Rust's ownership and borrowing system involves the use of references to operate on borrowed data, and the type system distinguishes two different fundamental reference types. In code they are spelled &T and &mut T.

&mut T is commonly known as a "mutable reference" to data of type T. By juxtaposition, &T is then an "immutable reference" or "const reference" to T. These names are fine and reasonably intuitive for Rust beginners, but this article lays out the motivation for preferring the names "shared reference" and "exclusive reference" as you grow beyond the beginner stage and get into library design and some more advanced aspects of the language.

The beginner's understanding

As described in the References and Borrowing chapter of the Rust Book, a function that takes an argument by immutable reference is allowed to read the data behind the reference:

struct Point {
    x: u32,
    y: u32,
}

fn print_point(pt: &Point) {
    println!("x={} y={}", pt.x, pt.y);
}

but is not allowed to mutate that data:

fn embiggen_x(pt: &Point) {
    pt.x = pt.x * 2;
}

error[E0594]: cannot assign to `pt.x` which is behind a `&` reference
 --> src/main.rs
  |
1 | fn embiggen_x(pt: &Point) {
  |                   ------ help: consider changing this to be a mutable reference: `&mut Point`
2 |     pt.x = pt.x * 2;
  |     ^^^^^^^^^^^^^^^ `pt` is a `&` reference, so the data it refers to cannot be written

In order to mutate fields of a struct, or call mutating methods such as appending to a vector, the argument must be taken by &mut reference.

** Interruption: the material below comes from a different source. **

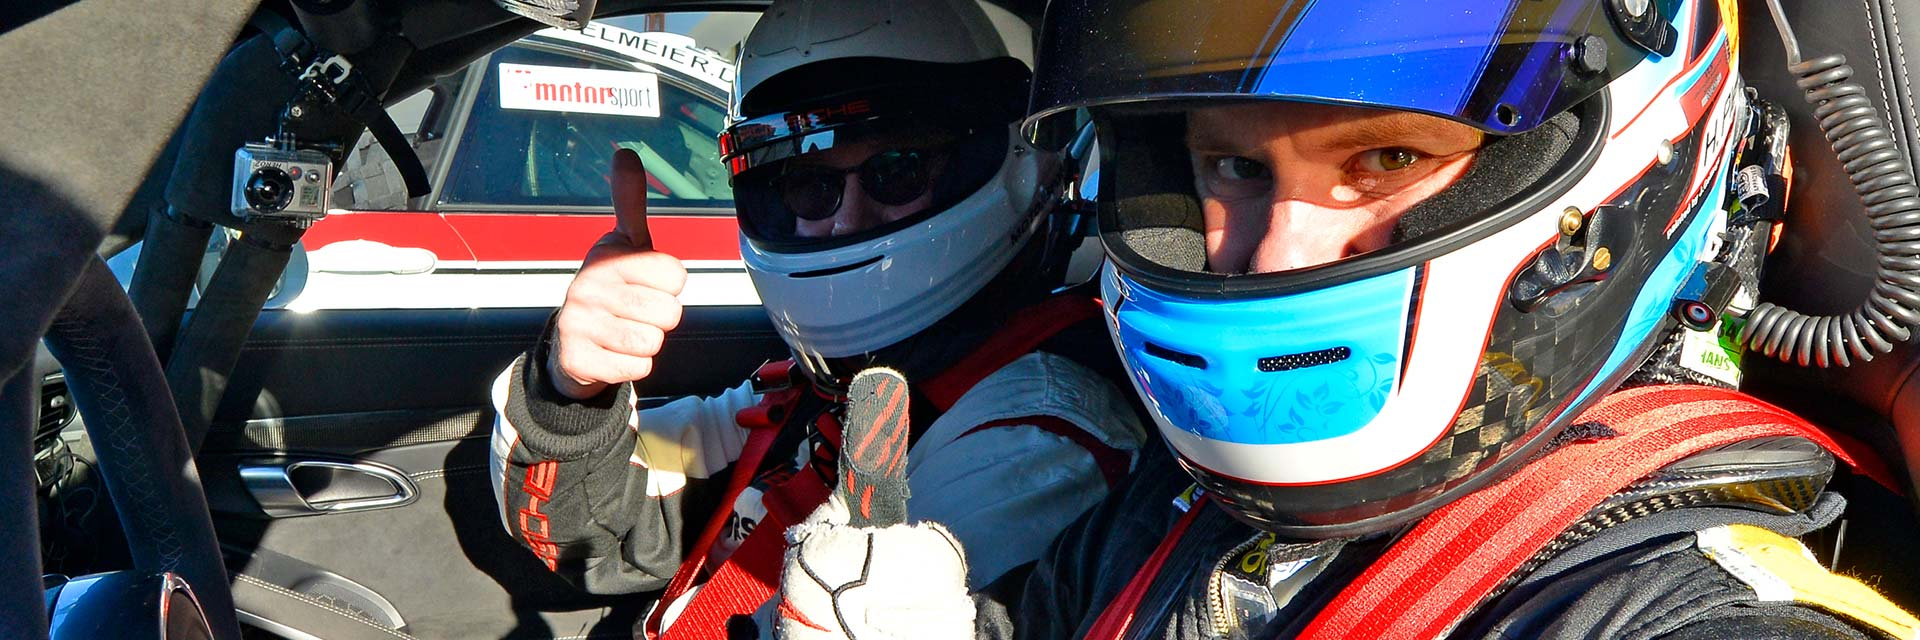 GEDLICH Racing - Endless Summer 1:1 Coaching

fn embiggen_x(pt: &mut Point) {
    pt.x = pt.x * 2; // okay
}

This distinction, and the terminology of "immutable reference" and "mutable reference", is typically adequate for writing one's first few toy programs with Rust.

It falls apart

Sooner or later you will encounter a library signature that flatly contradicts the beginner's mental model of Rust references. Let's take a look at the store method of AtomicU32 from the standard library as one example of this. The signature is:

impl AtomicU32 {
    pub fn store(&self, val: u32, order: Ordering);
}

You give it a u32 value, and it atomically changes the number inside the AtomicU32 to hold the value you gave. We might call the store method as:

static COUNTER: AtomicU32 = AtomicU32::new(0);

fn reset() {
    COUNTER.store(0, Ordering::SeqCst);
}

The Ordering parameter can be ignored for the purpose of this discussion; it has to do with the C11 memory model for atomic operations.

But the fact that AtomicU32::store takes self by immutable reference should feel deeply uncomfortable under the beginner's mental model. Sure the mutation is done atomically, but how can it be correct that we mutate something under an immutable reference? Is this a typo in the standard library? If intentional, it certainly feels hacky, or even dangerous. How is this method safe? How is it not undefined behavior?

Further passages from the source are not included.